_INPUT DATA_:
####################
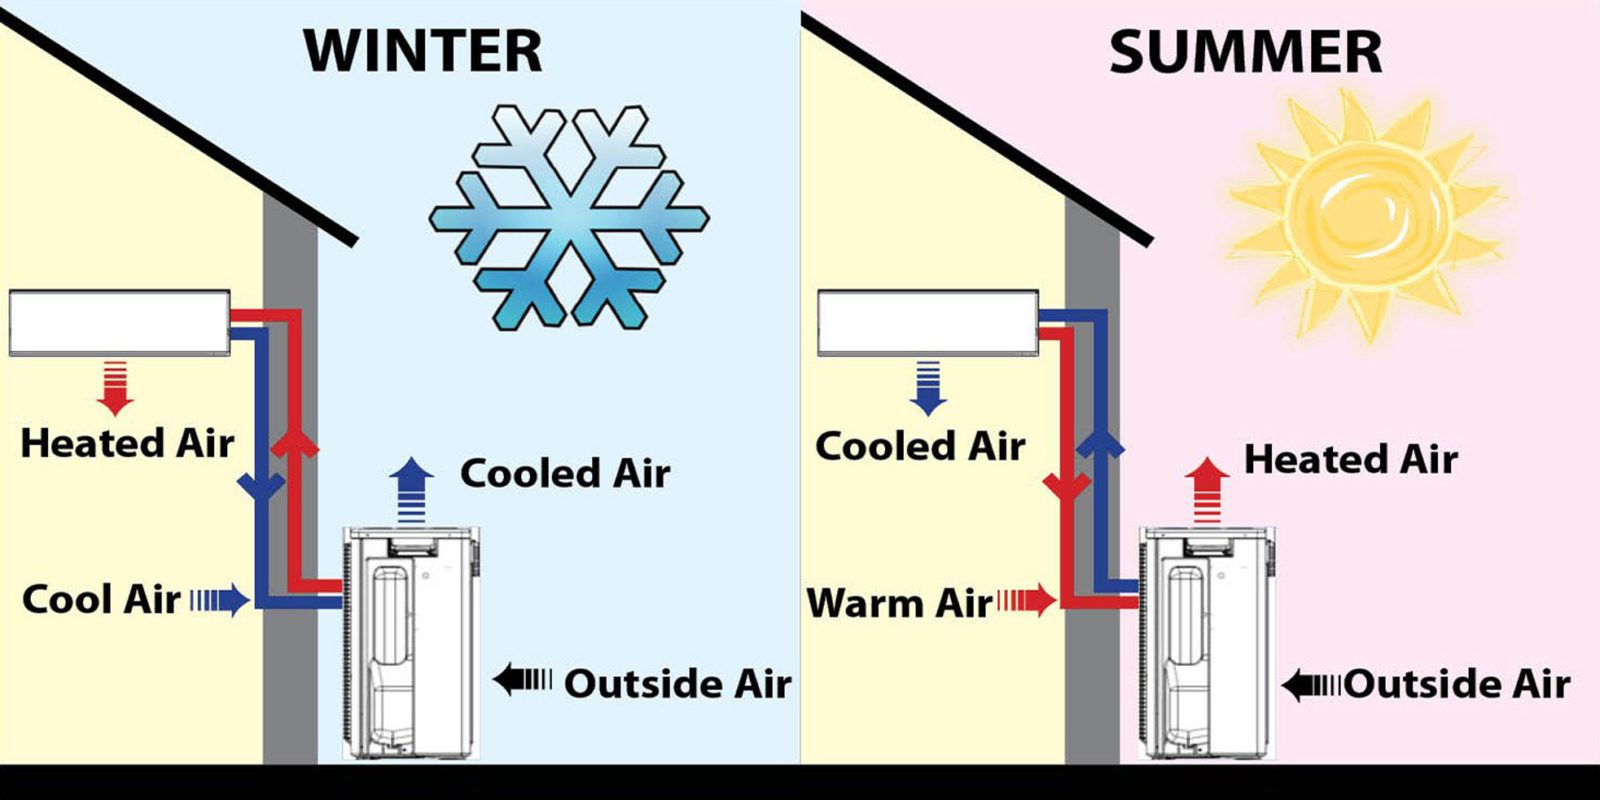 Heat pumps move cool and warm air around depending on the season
####################
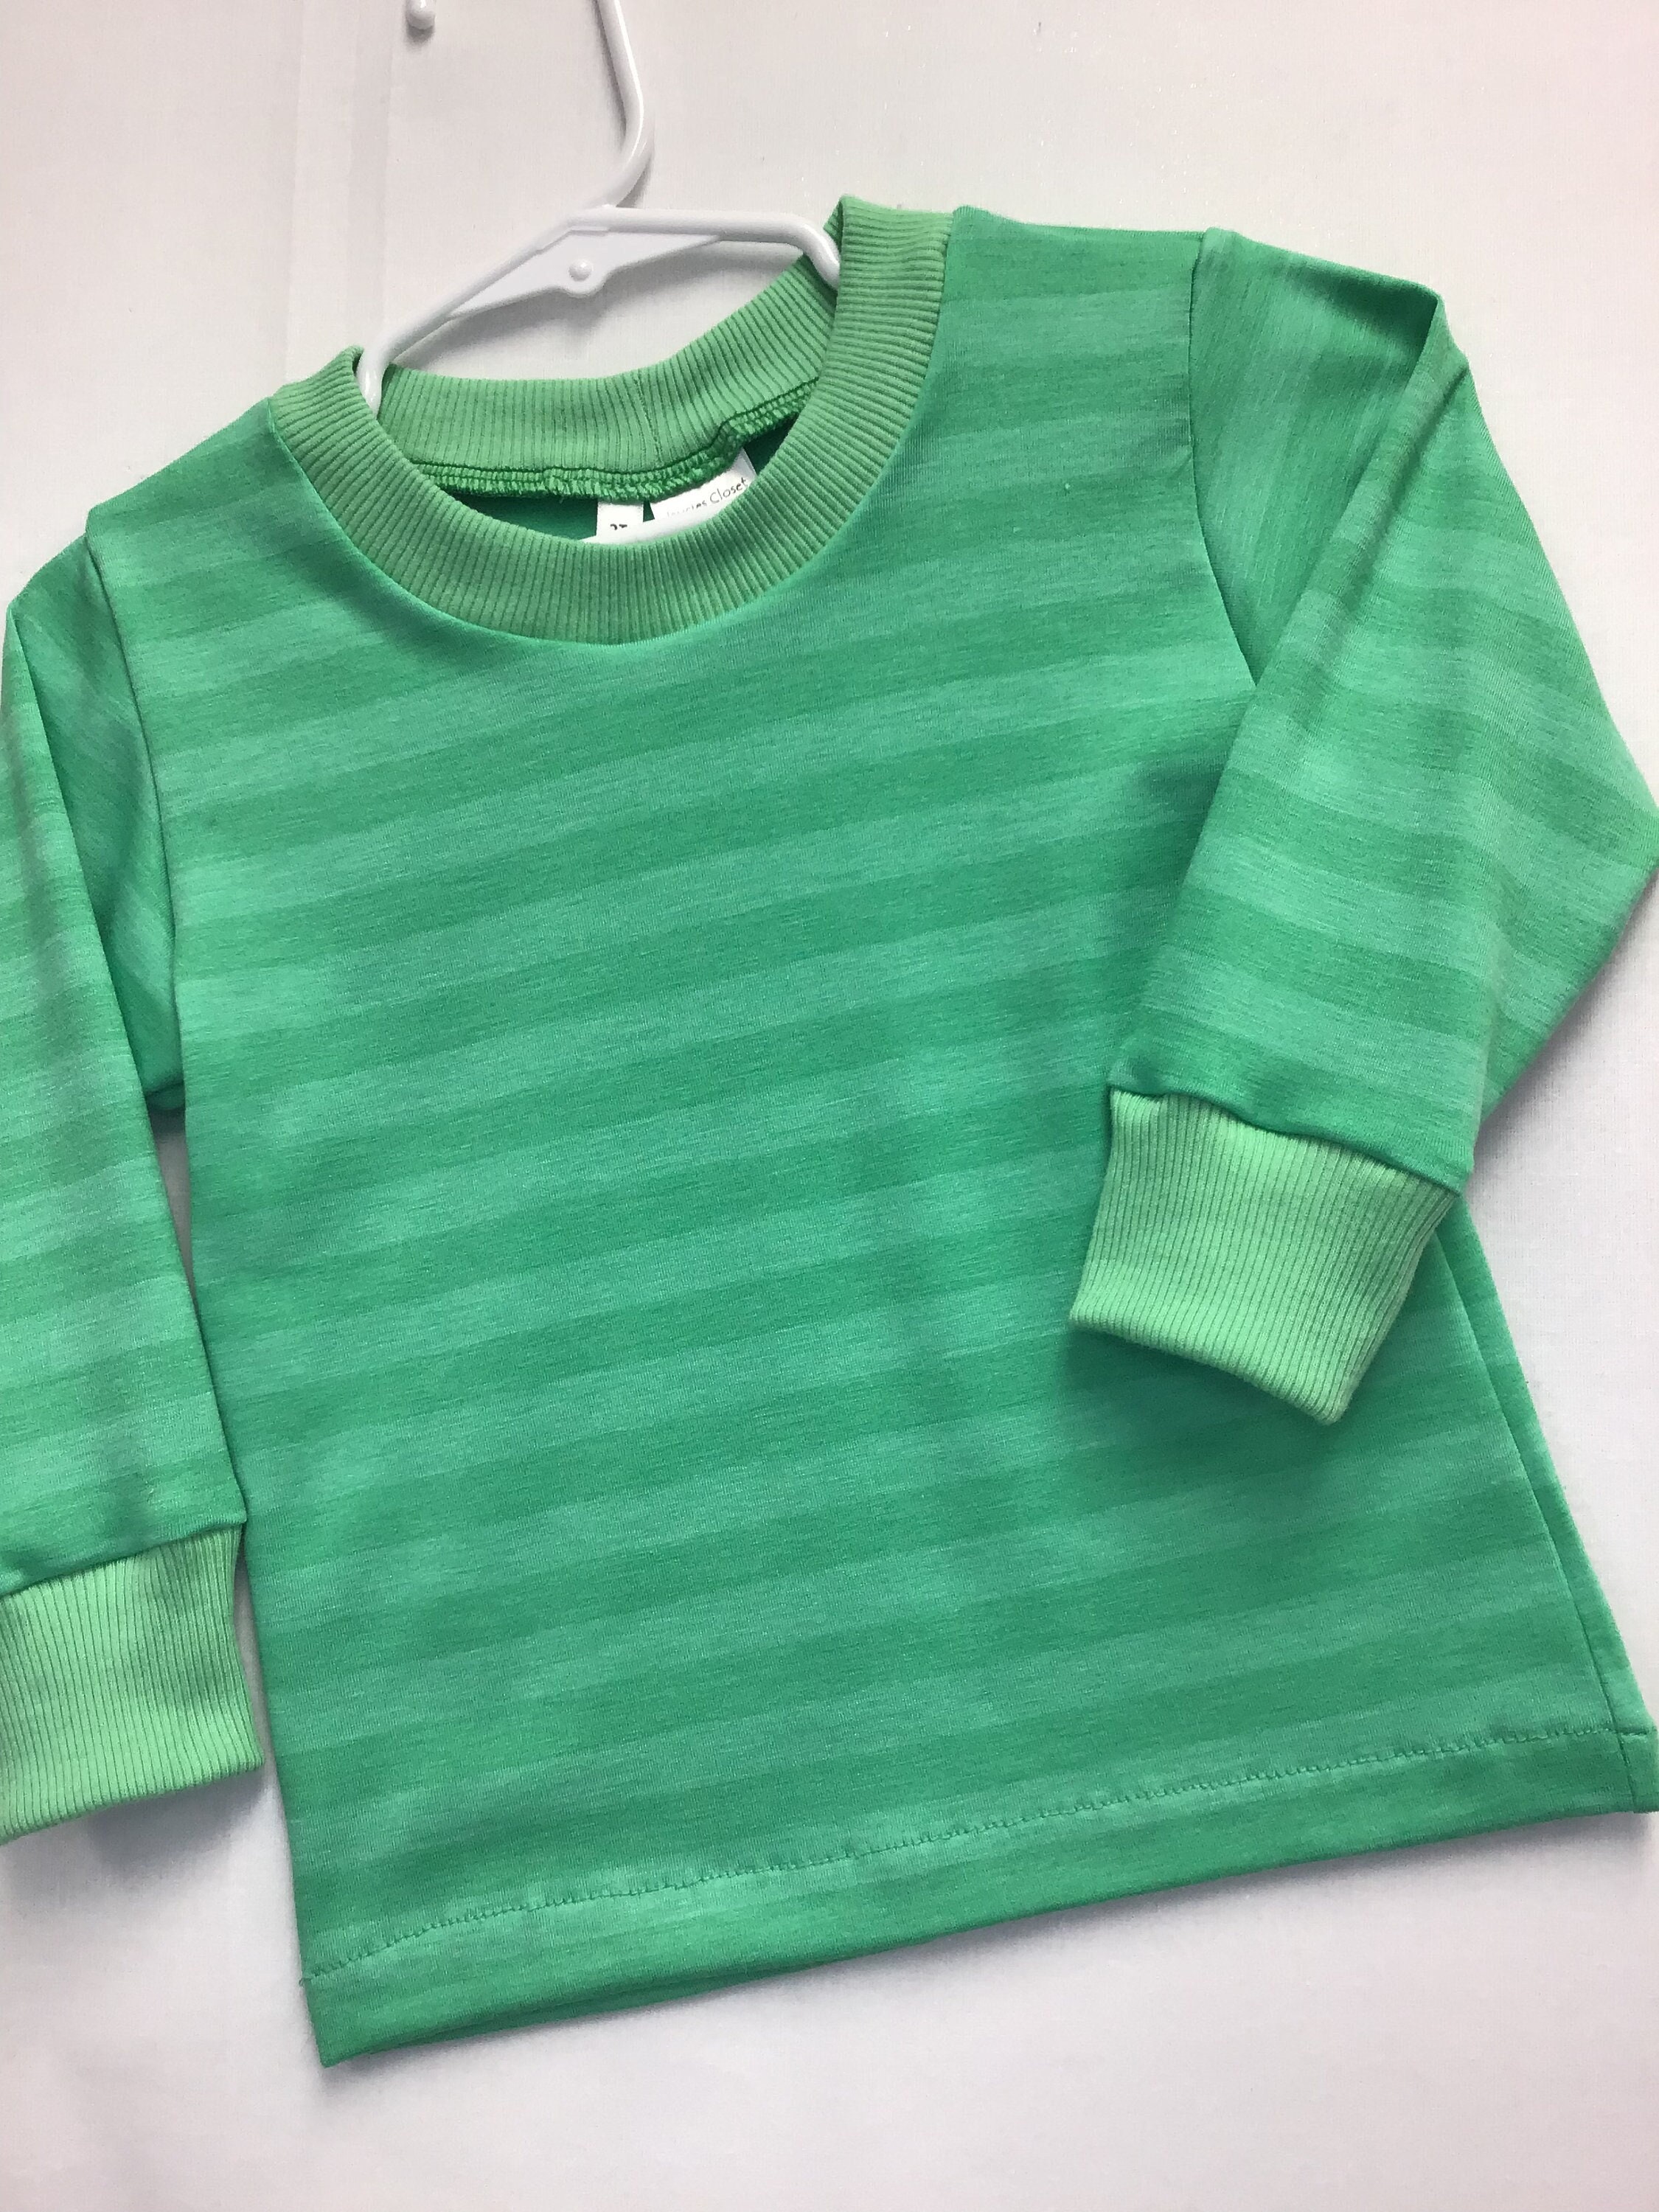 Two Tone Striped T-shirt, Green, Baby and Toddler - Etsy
####################
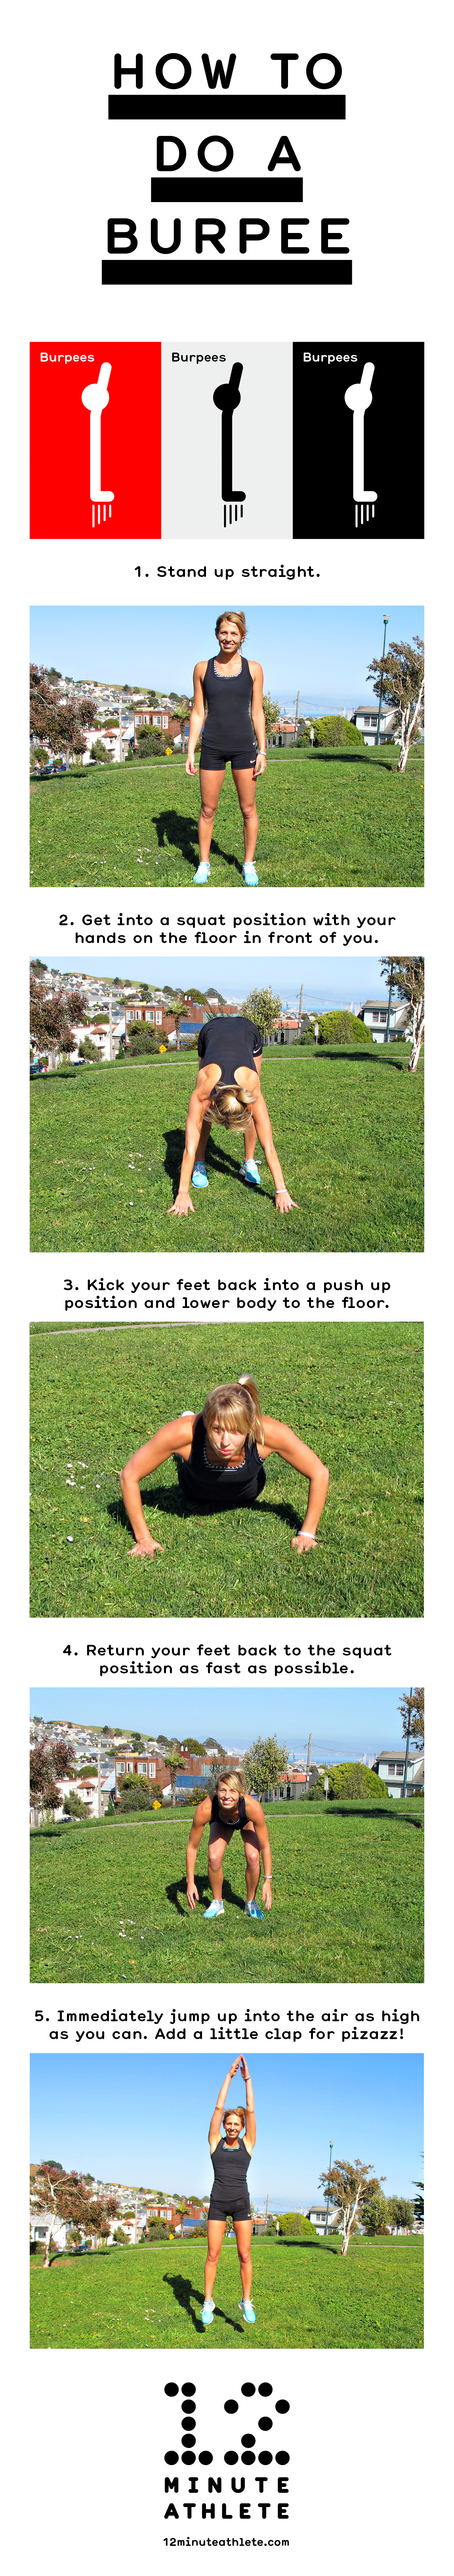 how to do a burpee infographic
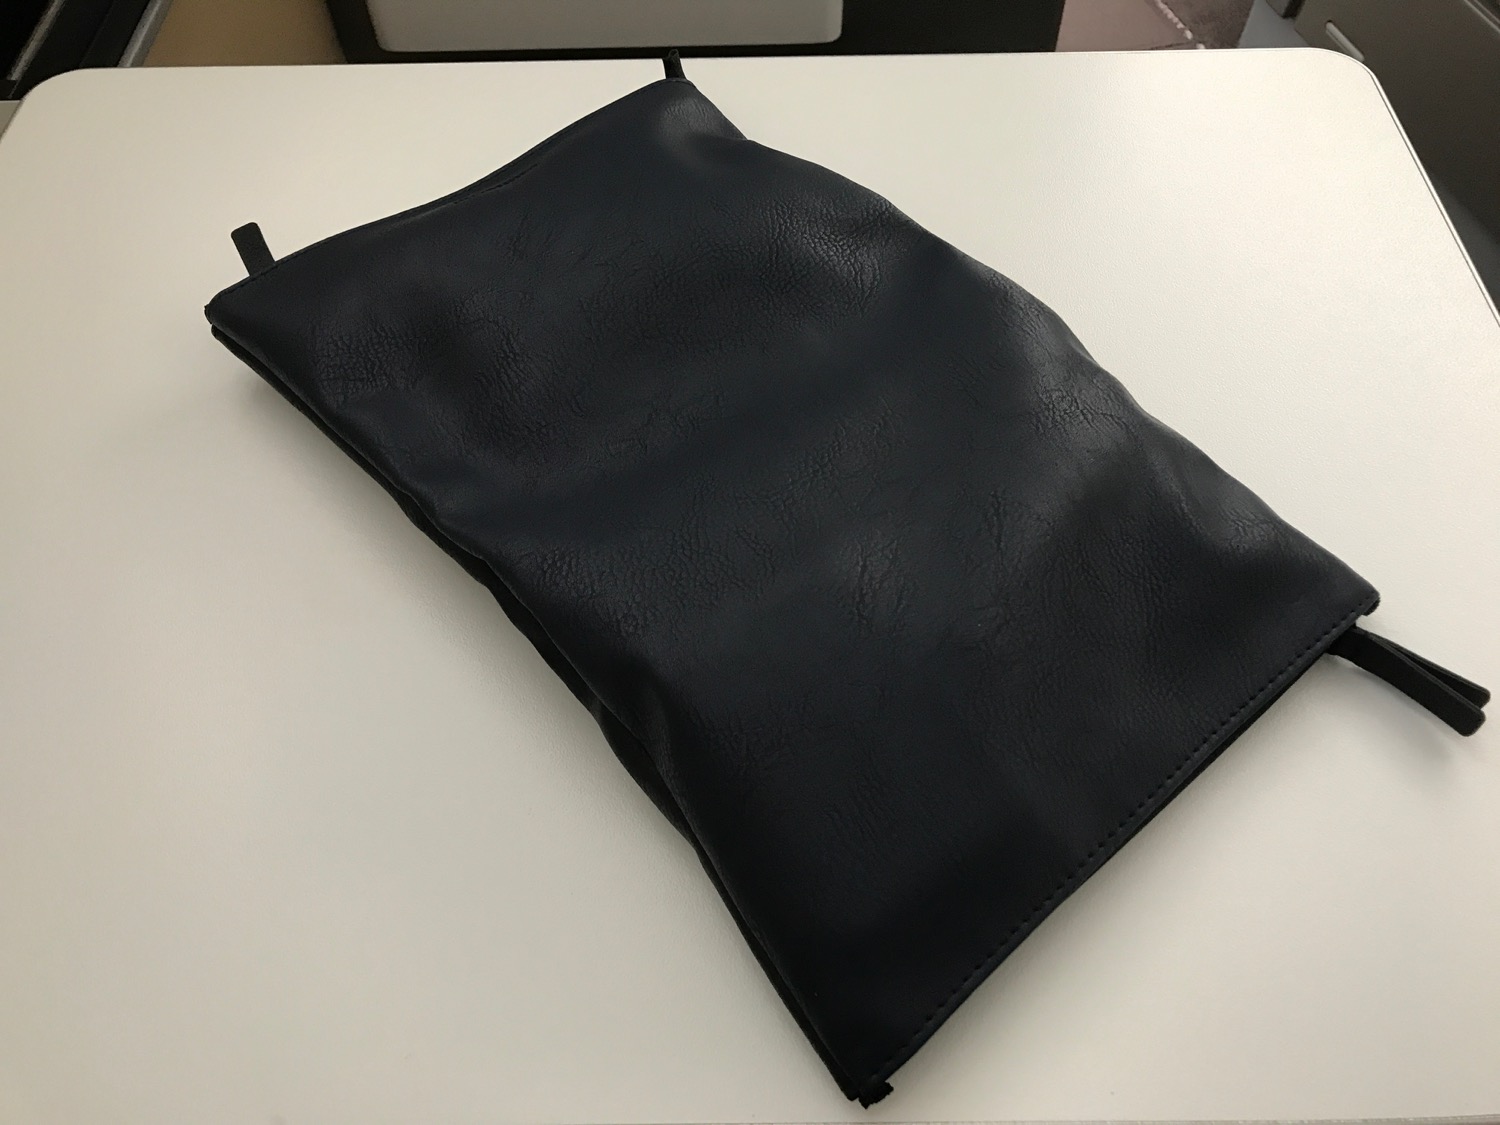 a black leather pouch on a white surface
####################
_YOUR INSTRUCTIONS_: While skipping the pictures, transcribe the data above from the line showing "how to do a burpee infographic" through the line showing "a black leather pouch on a white surface", exactly and with both ends.

_FINAL ANSWER_:
 how to do a burpee infographic
 a black leather pouch on a white surface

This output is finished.